The Quakers just love playing extra baseball.
Ahead of this weekend’s series at Harvard, Penn baseball beat Villanova 2-1 after a walk-off single from junior catcher Matt O’Neill in the bottom of the 11th inning. This marks the third consecutive game in which Penn (7-15-1, 2-3-1 Ivy) has played 11 innings of baseball.
Although the Red and Blue won Wednesday’s game off of a clutch base hit, this contest was truly a pitcher’s duel.
Freshman first baseman Brendan Bean made his first career start on the mound, and he did not disappoint. The left-hander from North Wildwood, N. J. pitched three perfect innings in his debut, giving up no runs, no hits, and no walks. He also struck out seven of the nine batters he faced in what was a spectacular performance.
The bullpen had a tough act to follow, but like Bean, the rest of Penn's pitchers were on their A game. In all, eight different pitchers took the hill for the Red and Blue.

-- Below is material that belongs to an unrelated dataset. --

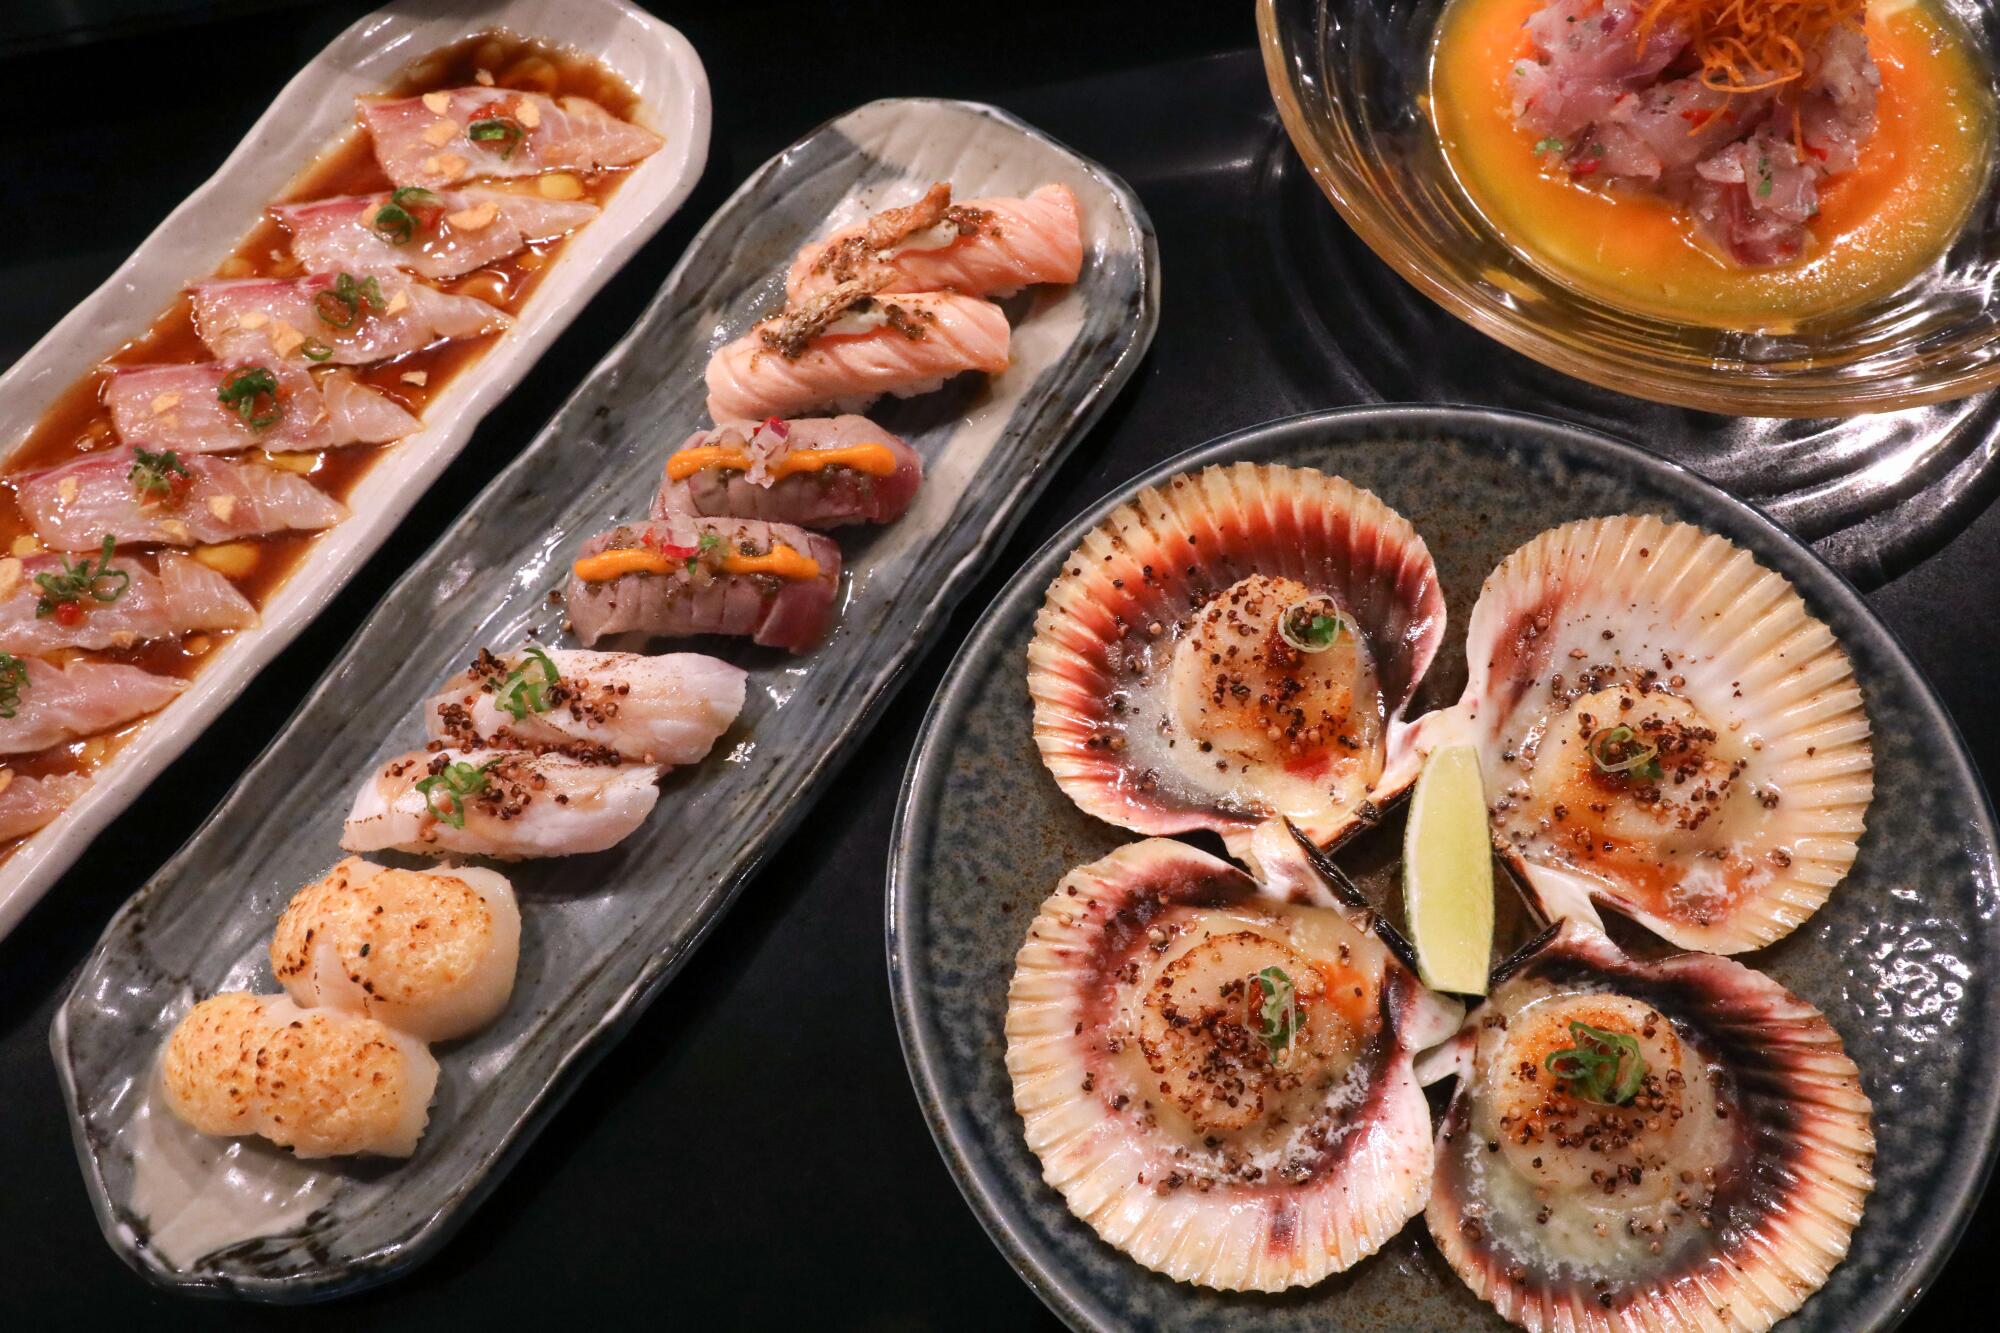 Cuatro platos, incluido sushi y vieiras abiertas.
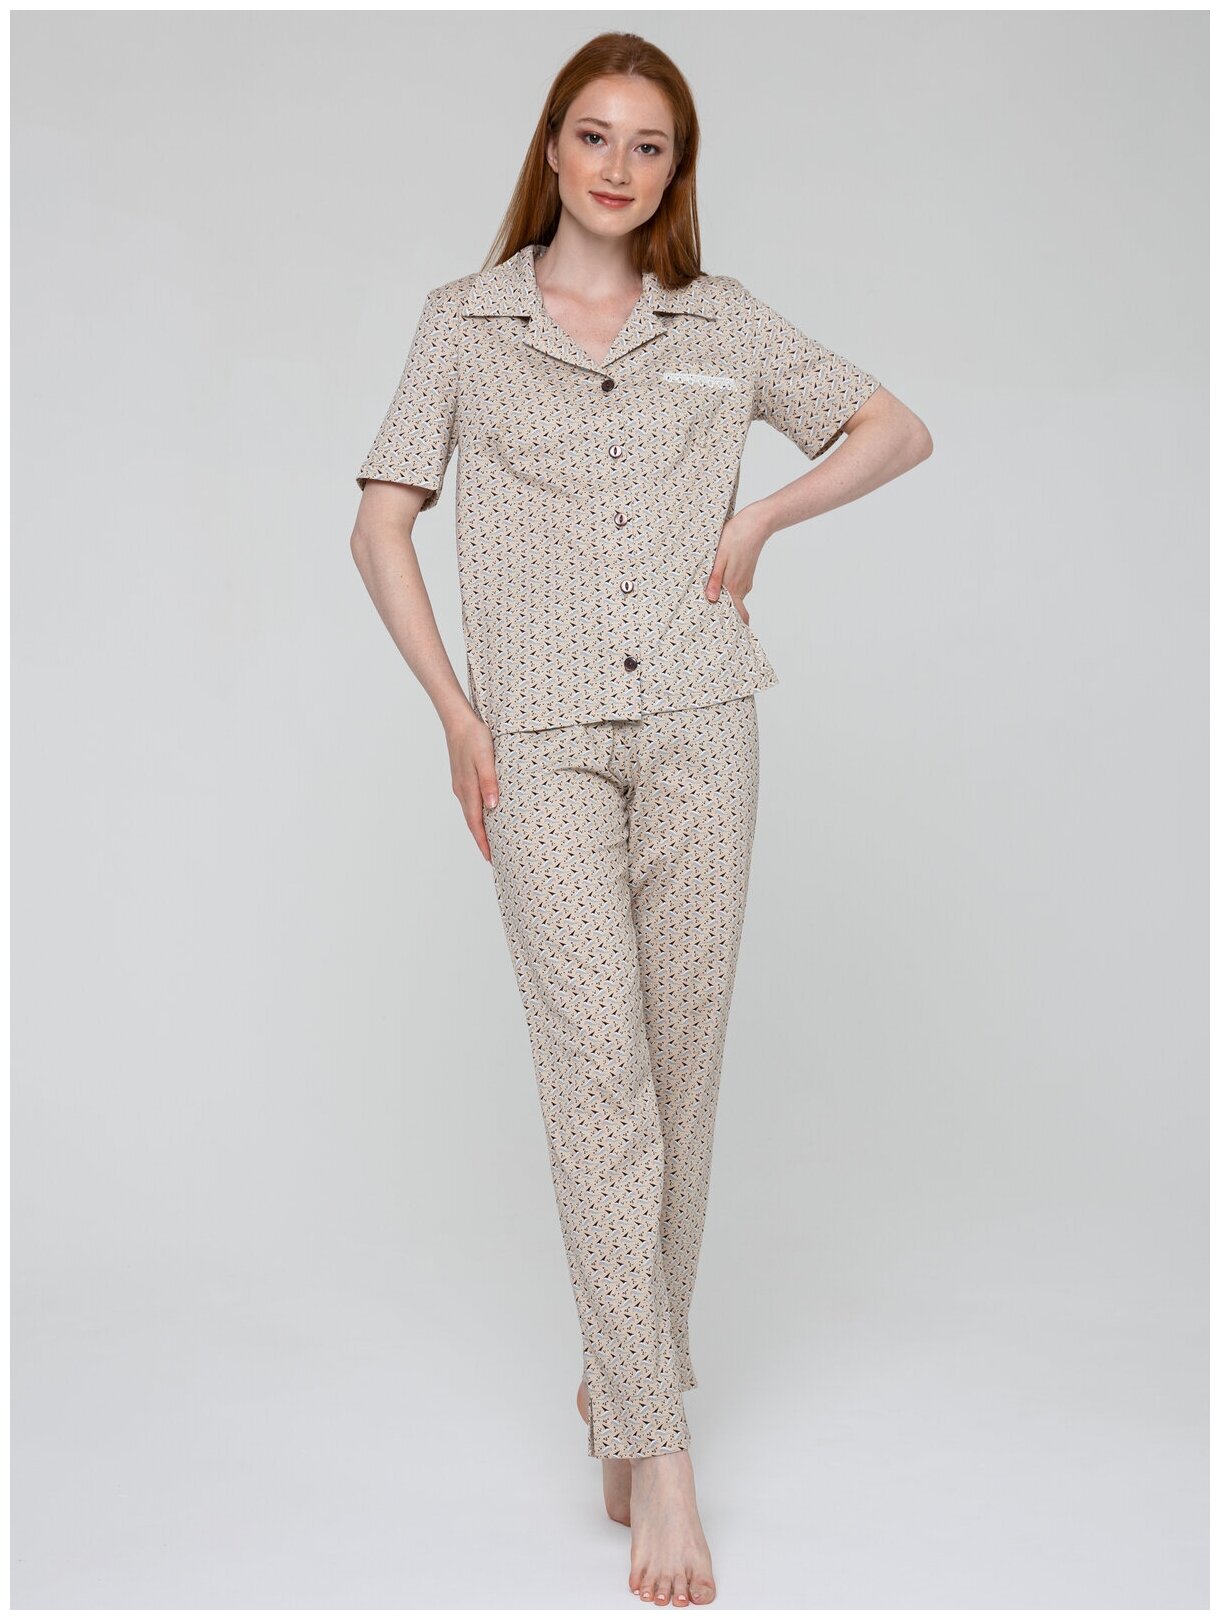 Пижамы домашняя женская Алтекс рубашка со штанами бежевая, размер 56 - фотография № 1

All told, the group allowed just one run, which was unearned, striking out 18 batters in the process.
“Anytime you get that many guys in a game making all those contributions, you know all those arms, it’s always a good thing,” coach John Yurkow said. “You know, we’re gonna need them down the stretch, and we’re starting to get some guys in these roles where we can match-up a little bit, which you’re gonna need to do when there are nine inning games all the time.”
As solid as the pitching rotation was on Wednesday afternoon, the Quakers couldn’t get their own bats going for much of the game. Villanova’s starting pitcher, Jonathan Rosero, put in six solid innings of work, allowing just one run, which came in the fourth inning when senior designated hitter Daniel Halevy drove in sophomore second baseman Chris Adams to take a 1-0 lead.
The next Penn run came off of O’Neill’s walk-off in the 11th, which plated freshman left fielder Eduardo Malinowski to win the ballgame.
Two and a half innings before that, the Quakers were just a strike away from ending the game and shutting out the Wildcats in the ninth frame. Villanova (5-15) loaded the bases with a single, an error, a sacrifice bunt, and a walk. Penn’s left-handed pitcher Jacob Sadowitz had a 2-2 count with two outs against Villanova’s Chris Rotondo, and the Wildcats’ freshman infielder hit an infield single to tie the game.
Just like last weekend, though, the Red and Blue thrived in extra innings and notched the walk-off win, this time on Villanova’s own home field.
While this was a consolation game in the Liberty Bell Classic, it could prove to be a nice confidence builder as Penn heads into the heart of its conference schedule.
Harvard (9-13, 1-2) awaits the Quakers, as the two squads will square off in a three-game set in Cambridge this weekend.
The Crimson won one of three games at Columbia this past weekend after going 8-11 in non-conference play to start the season. Outfielders Ben Skinner and Austin Black have been the most consistent hitters for Harvard so far this season. Skinner, a junior, has a .317 batting average and a .429 on-base percentage. The senior Black is hitting .317 with a .462 slugging percentage and two home runs.
The battle between these two hitters, along with the rest of the Harvard batting order, and Penn’s pitching rotation will be a compelling one. Penn will likely start senior Gabe Kleiman and sophomore Mitchell Holcomb in the first two games, while also relying on a bullpen that was terrific in Wednesday’s victory.
“[The series] is gonna come down to starting pitching,” Yurkow said. “We need to get some quality starts; obviously, we’ll be on the road…[Harvard] is playing okay this year. They’ve got a couple of pretty good arms, and they have some guys that can swing it.”
Both Harvard and Penn sit at the middle to bottom of the Ivy League pack. Thus, even though it is relatively early in the season, this series is an important one in terms of gaining ground on Yale and Columbia, who are at the top of the Ivy standings.
So far this year, the Quakers have been inconsistent. They’ve shown flashes of greatness both at the plate and in the field, and on Wednesday, the pitching staff had perhaps its best performance of season. Now would be a great time for the them to put it all together.